== Your objective ==
Restate exactly, and only, the lines from the one with "Greece, Dodecanese archipelago, Leros" through the end of the data, with both of those end lines kept. Drop any pictures.

== Supplied information ==
==============================

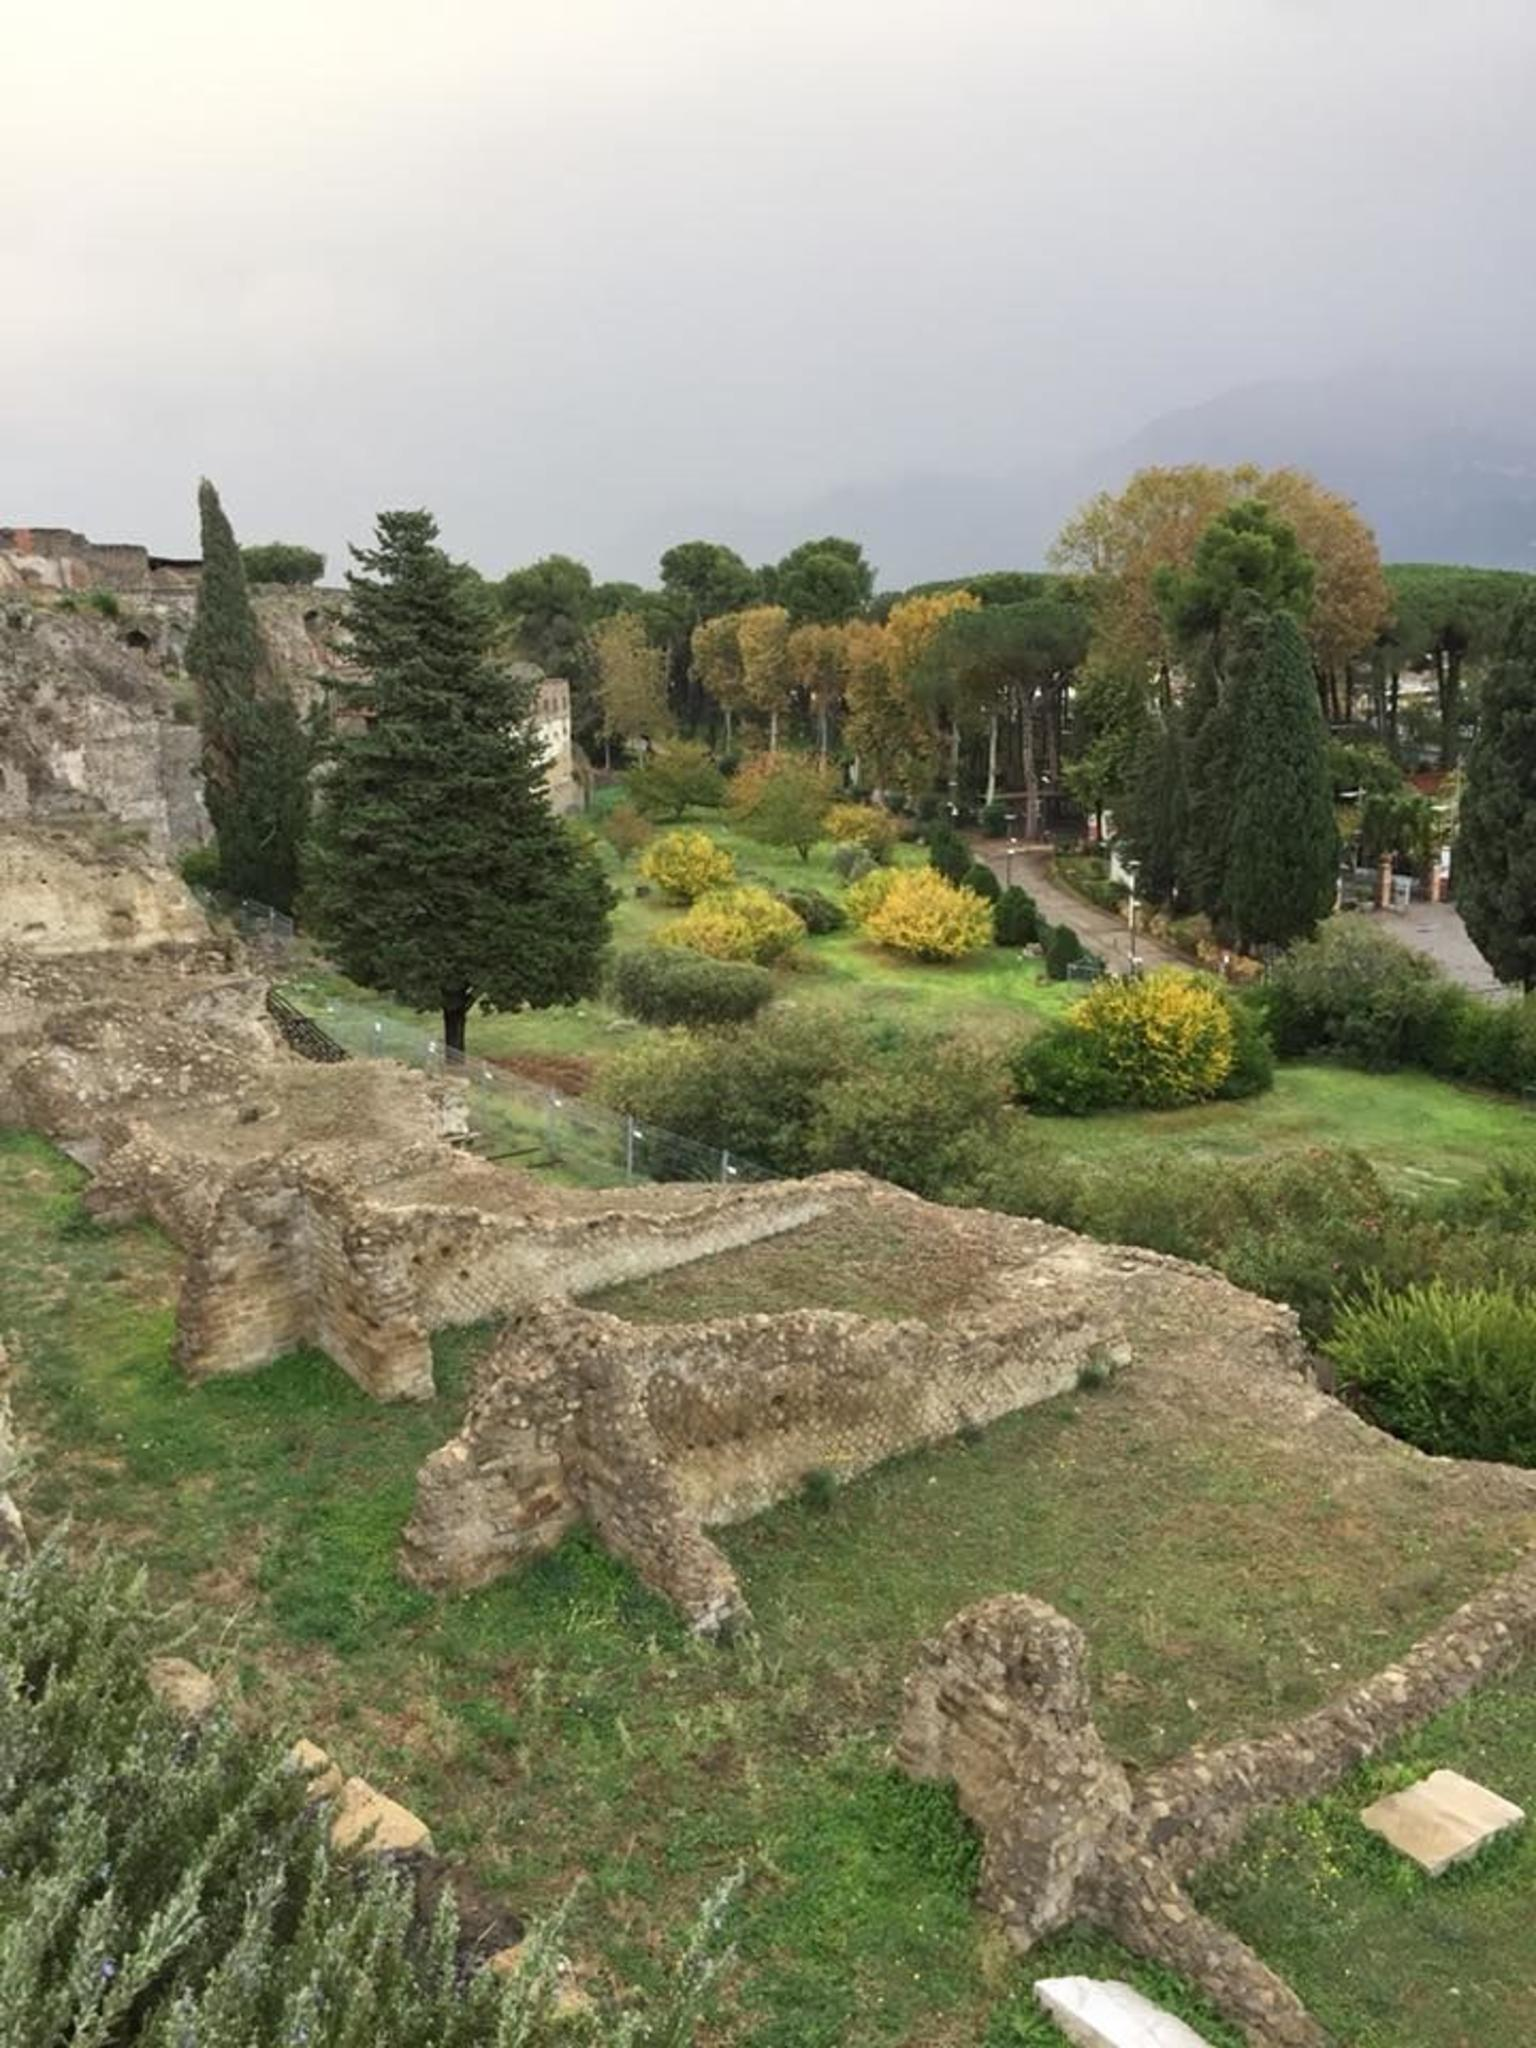 MORE PHOTOS, Daily Pompeii and Amalfi Coast Tour from Naples
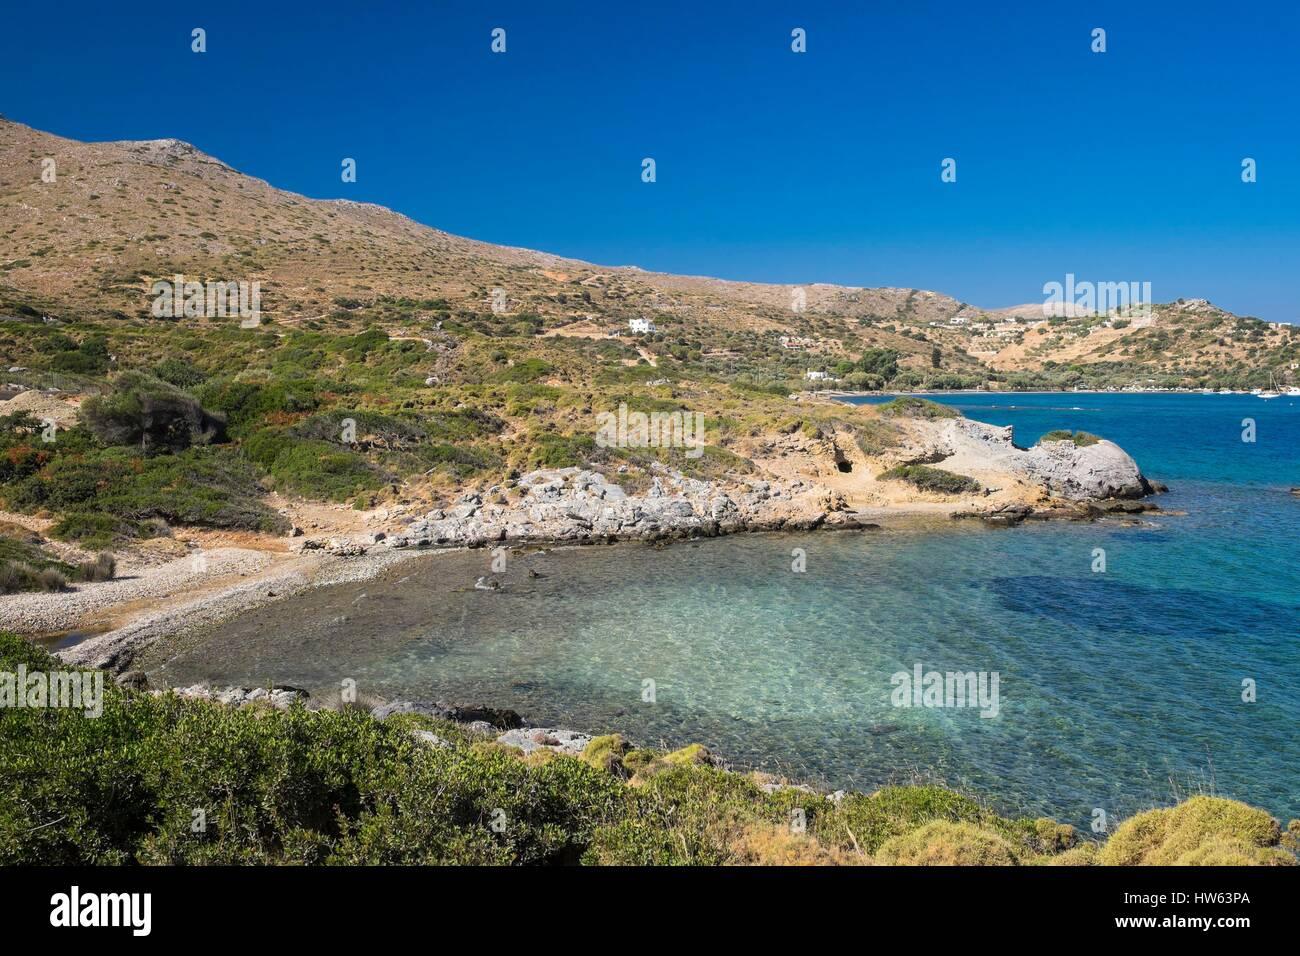 Greece, Dodecanese archipelago, Leros island, Blefouti bay - Stock Image
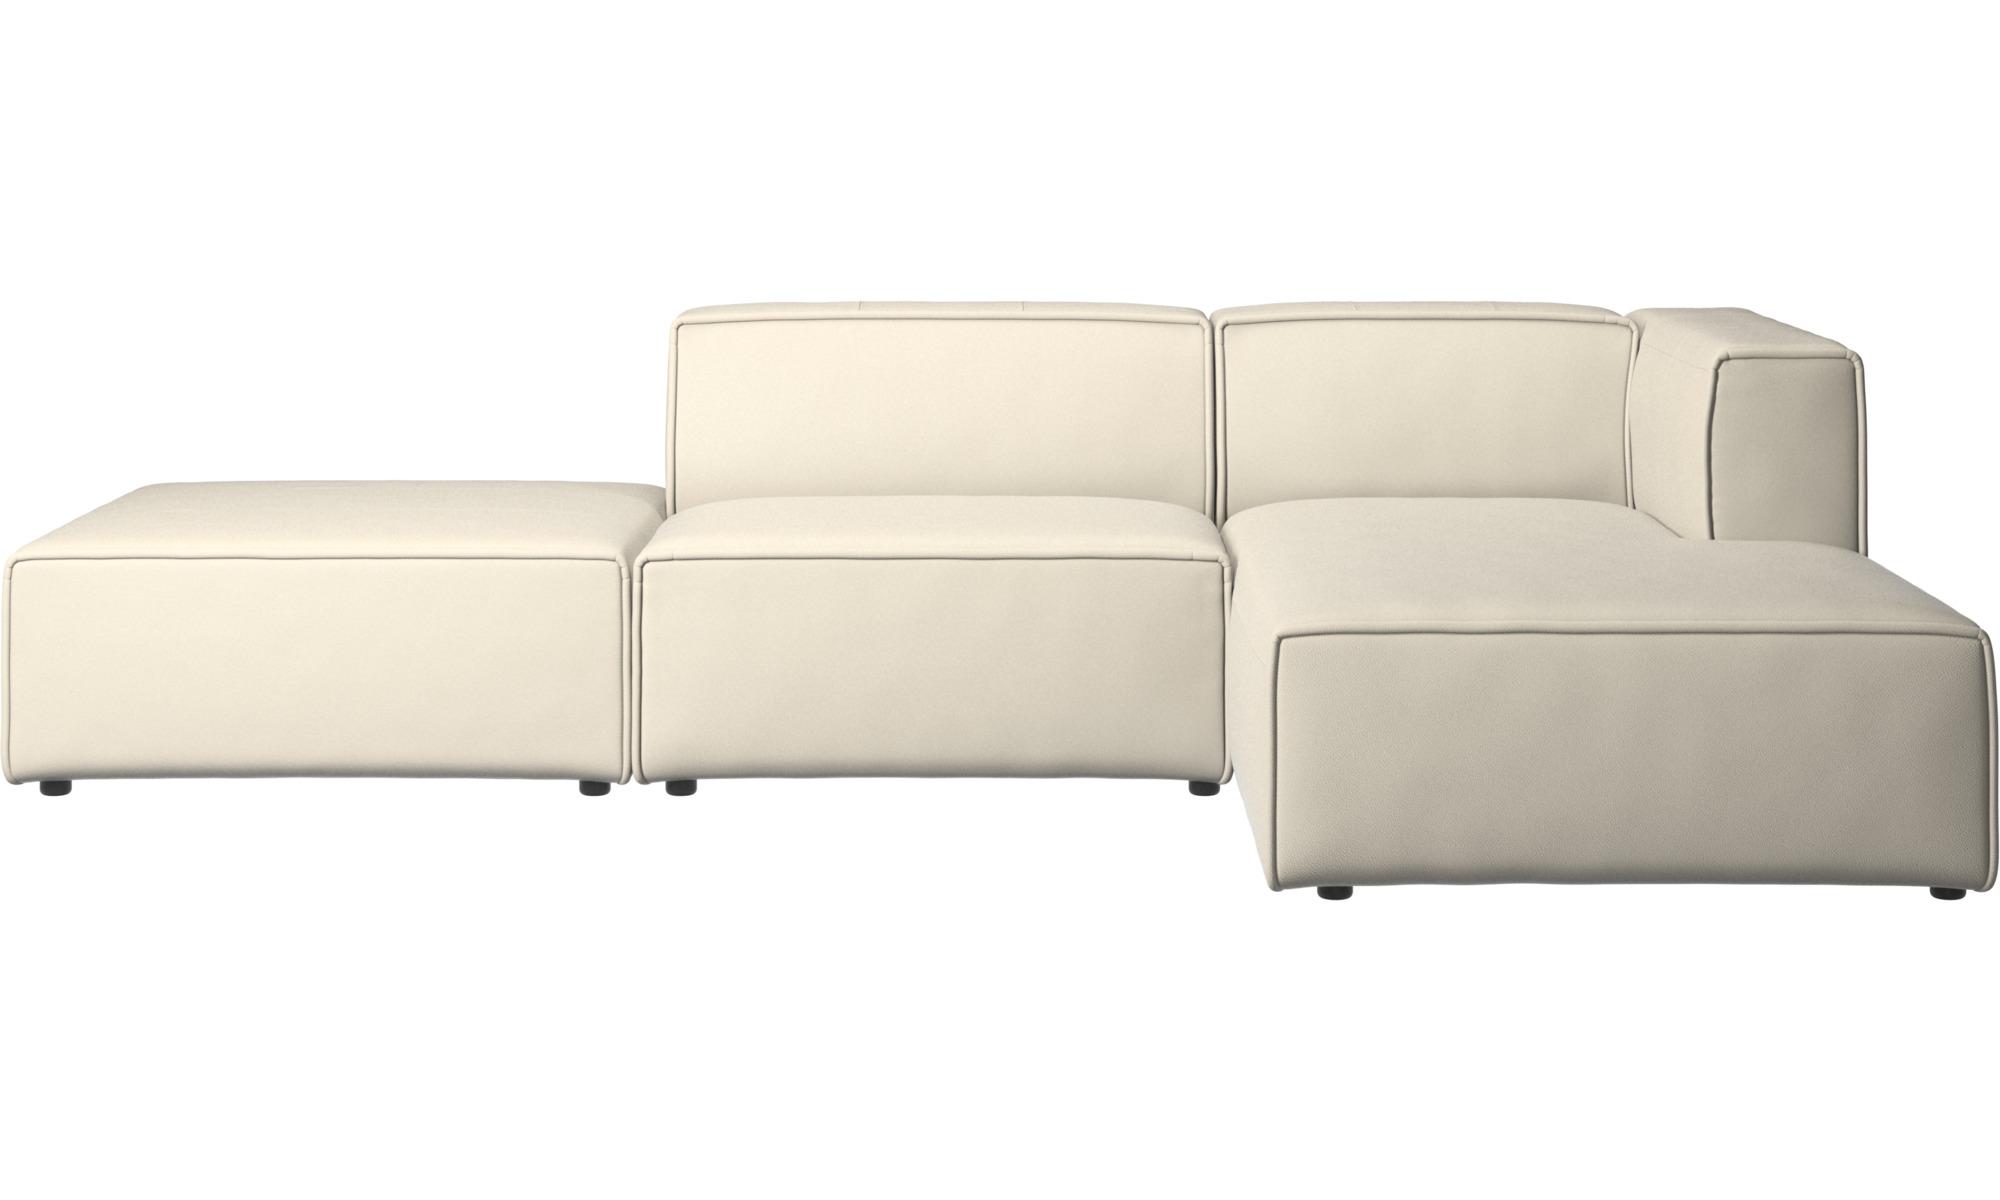 Modular sofas - Carmo sofa with resting unit - White - Leather
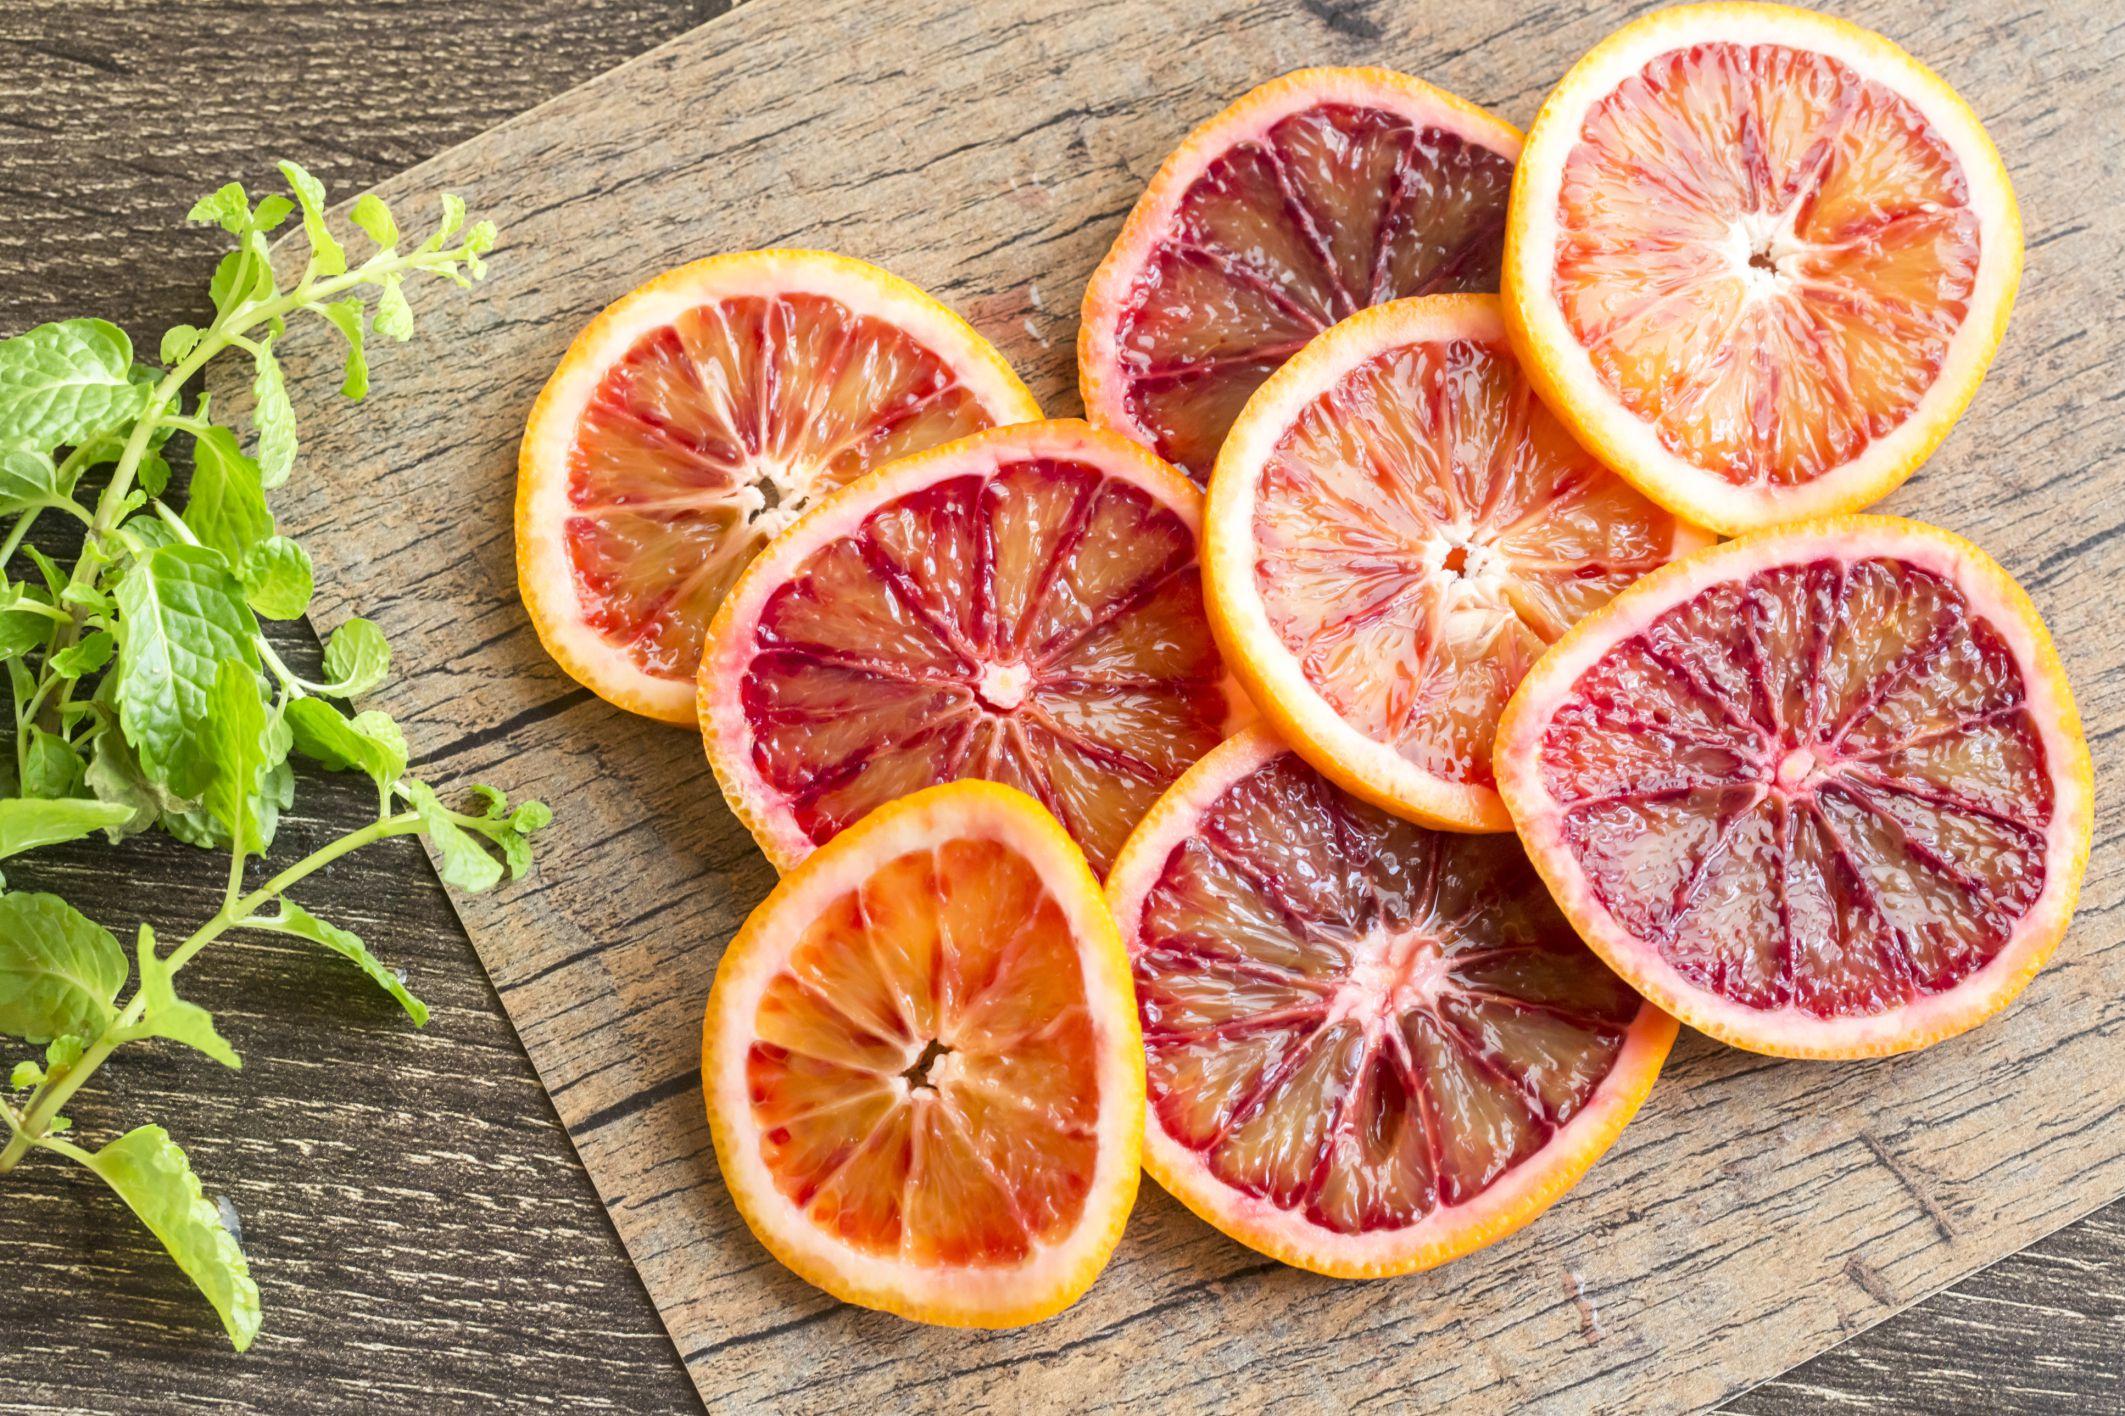 Different Blood Orange Slices

==============================

== Task output ==
 Greece, Dodecanese archipelago, Leros island, Blefouti bay - Stock Image
 Modular sofas - Carmo sofa with resting unit - White - Leather
 Different Blood Orange Slices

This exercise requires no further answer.